A Straw, A Camel, And an Aching Back What set me off this time was an email from a friend and business associate who sent me and everyone else in his address book a message with a 2Meg picture. This means that 20 people had to sit through the 2Meg download time to see something that could have been an 80K image. And because he listed everyone in the "to" box, everybody saw everybody else's email addresses.

This last is a clear violation of Commandment IV, "Thou shalt send unto the multitudes via bcc, for they who are blessed to be on lists enjoy not the extended mailto." Let's review: in every email message you can send a message to someone listed in the "to:" box.

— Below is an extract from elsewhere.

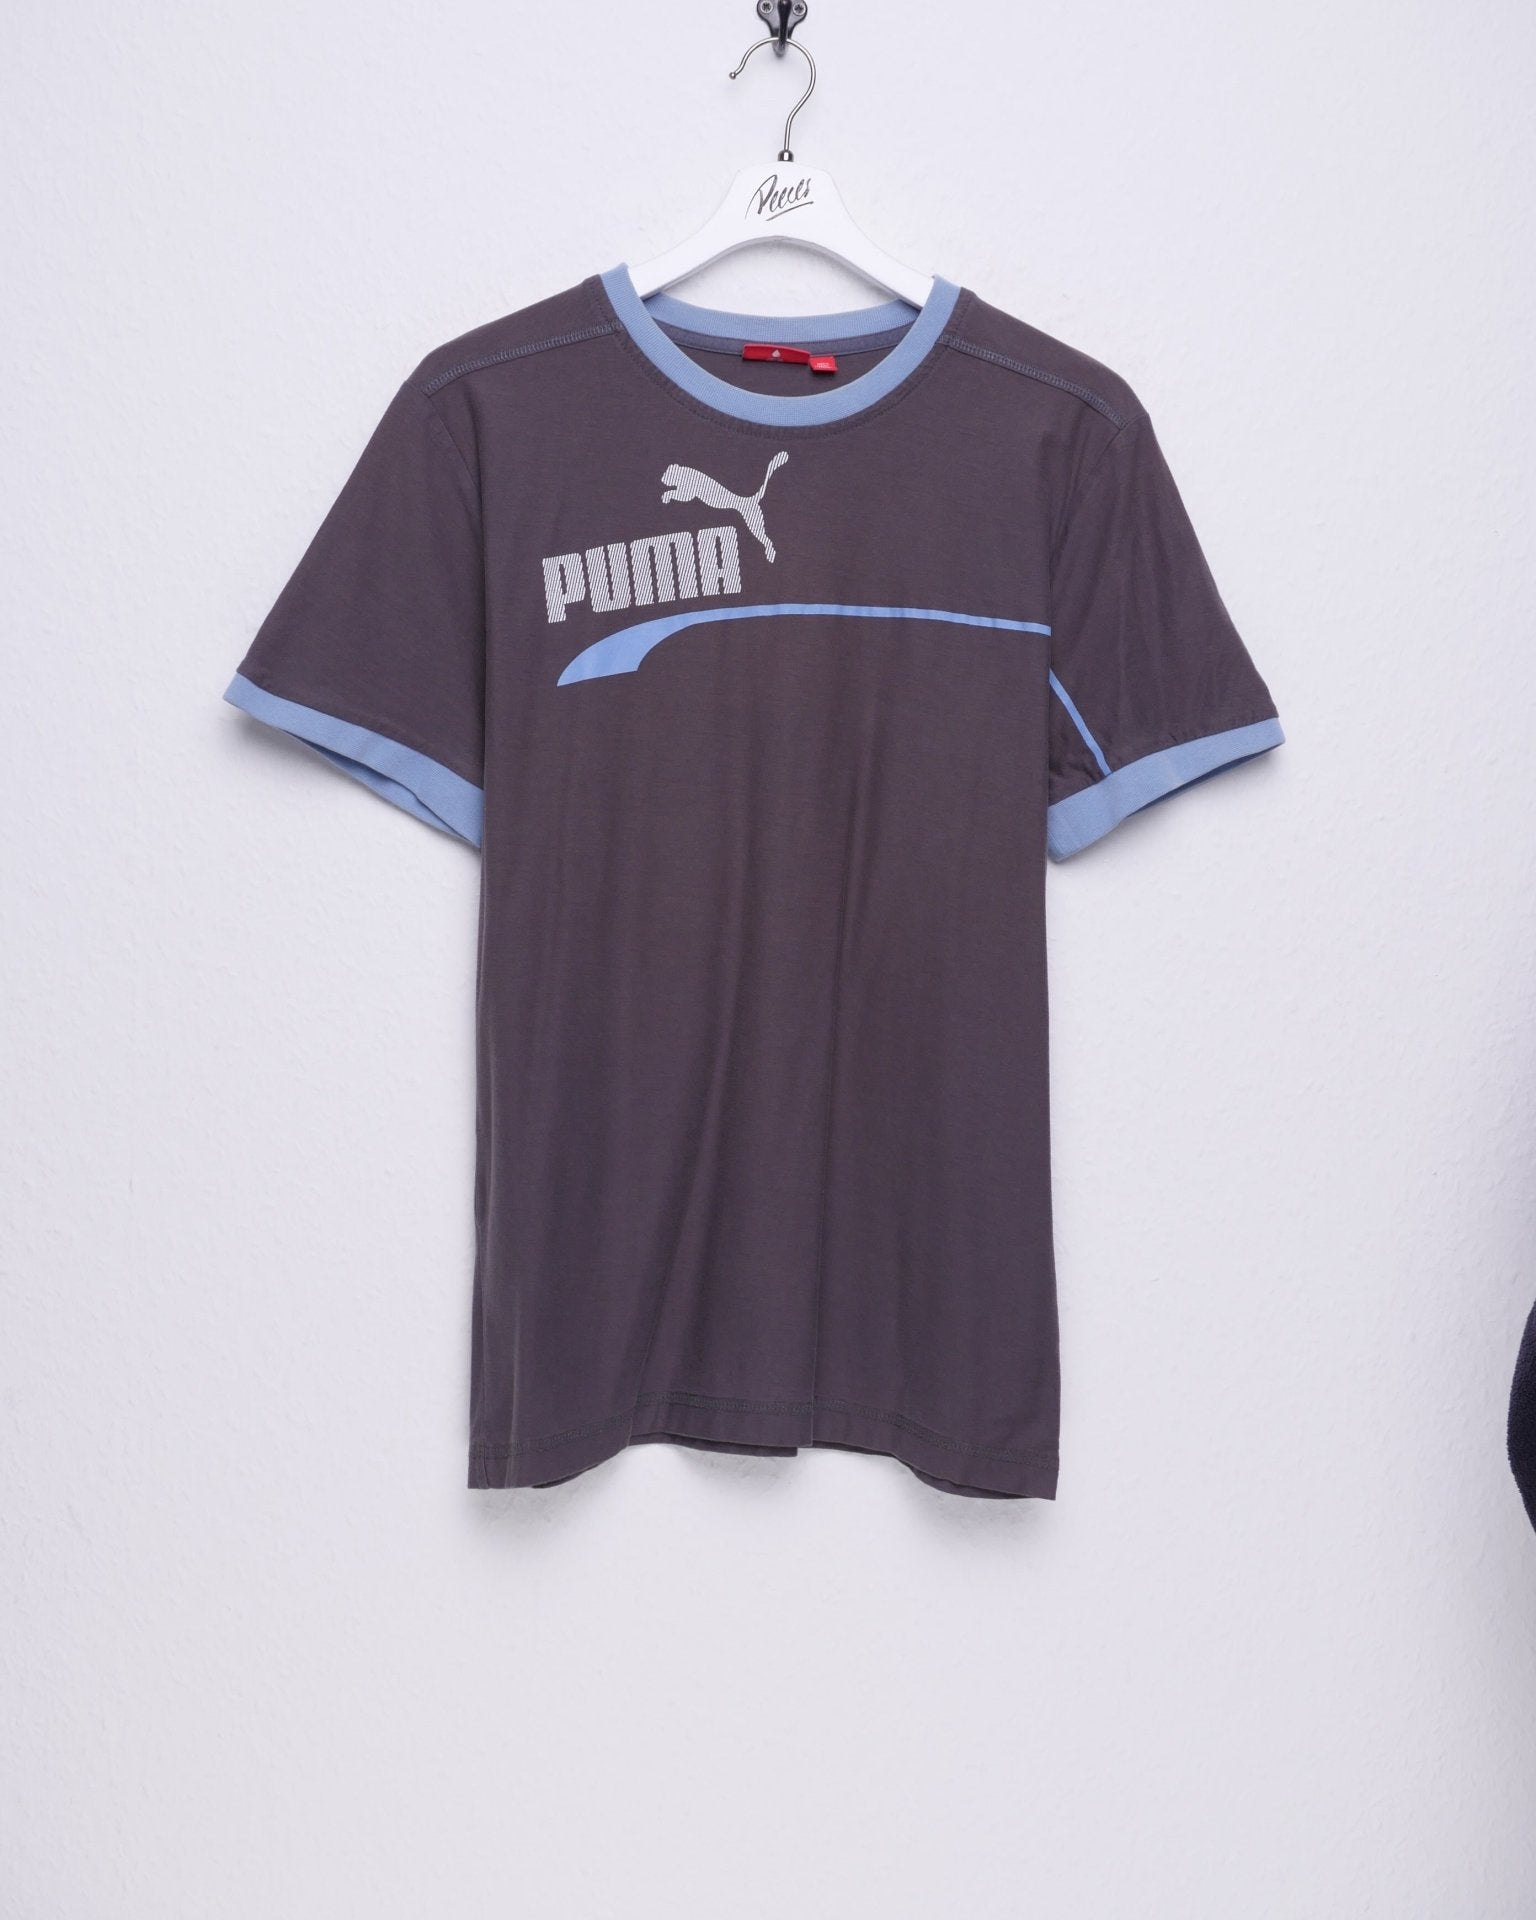 puma printed Spellout two toned Shirt - Peeces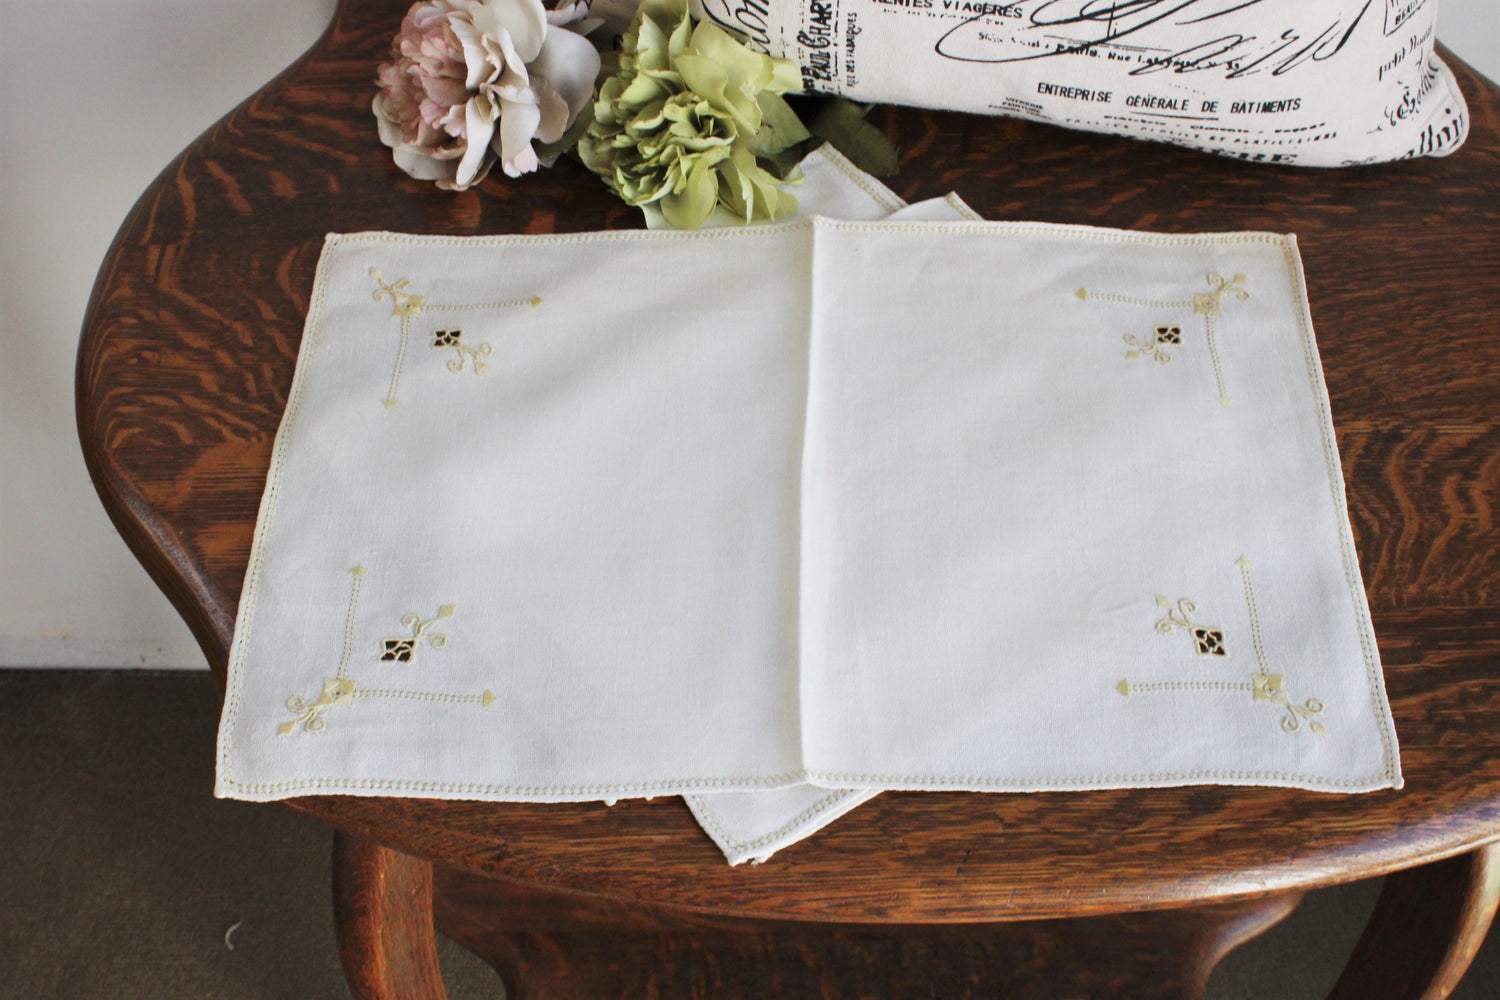 Vintage 1930s Linen Placemats, Set of Four With Gold Yellow Embroidery

You have the opportunity to cc the message to several other people, all of whom will see the addresses of others who have been sent the message, and you have the all-important opportunity to bcc additional people, who will not see the others in the list. This is the crux of the biscuit: if everybody can see the long list of other recipients, their email addresses are at risk of being sucked up by a spammer. And it is a pain in the bandwidth to see a long useless list of addresses when all you want is a good laugh.

Here's how it works: you send a joke or cartoon to everyone on your list via cc. Several of them send it on to everyone on their lists, without bothering to remove the addresses at the top of the original email. Several of them do the same, and eventually the email (and all the accreted multiple email addresses) lands in the inbox of some !Q#$%@#^ dip-@#$% (a technical term) who says, "Whoa dude, 200 valid email addresses! I can get $1.00 a pop selling these to my buddy who runs WeRspammers.com."

If you bcc everyone, nobody sees all those email addresses, nobody has to scroll down past the interminable list, and nobody's privacy is at risk. Best practice: send the message to yourself and past everybody else into the bcc box. If your email software doesn't have a bcc box, start using something else IMMEDIATELY.

Aghast From the Past
Techno-trivia time: cc and bcc stand for carbon copy and blind carbon copy. For the benefit of those below age group Gen X, (or is it Y? I can't keep track), I should explain that once upon a time there was a technological marvel called a typewriter. This device was the noisy mechanical forerunner of the word processors we use today. Being an analog device (although you banged away on it with your digits, ho ho), it used a substance called carbon paper to make copies of things. Carbon paper was paper with one side coated with a carbon compound, sorta like ground-up pencil lead spread thin. This was a greasy, messy, and difficult-to-work-with method (sort of like Windows) that would impart a copy of what you typed onto another piece of paper placed behind it. The copy was called a carbon copy, and if you could type it without looking at your fingers, it was a blind carbon copy (kidding). If you made a typing error, you would have to go to great conniptions to correct both copies. This is why computers are better. I have to remind myself of this, from time to time...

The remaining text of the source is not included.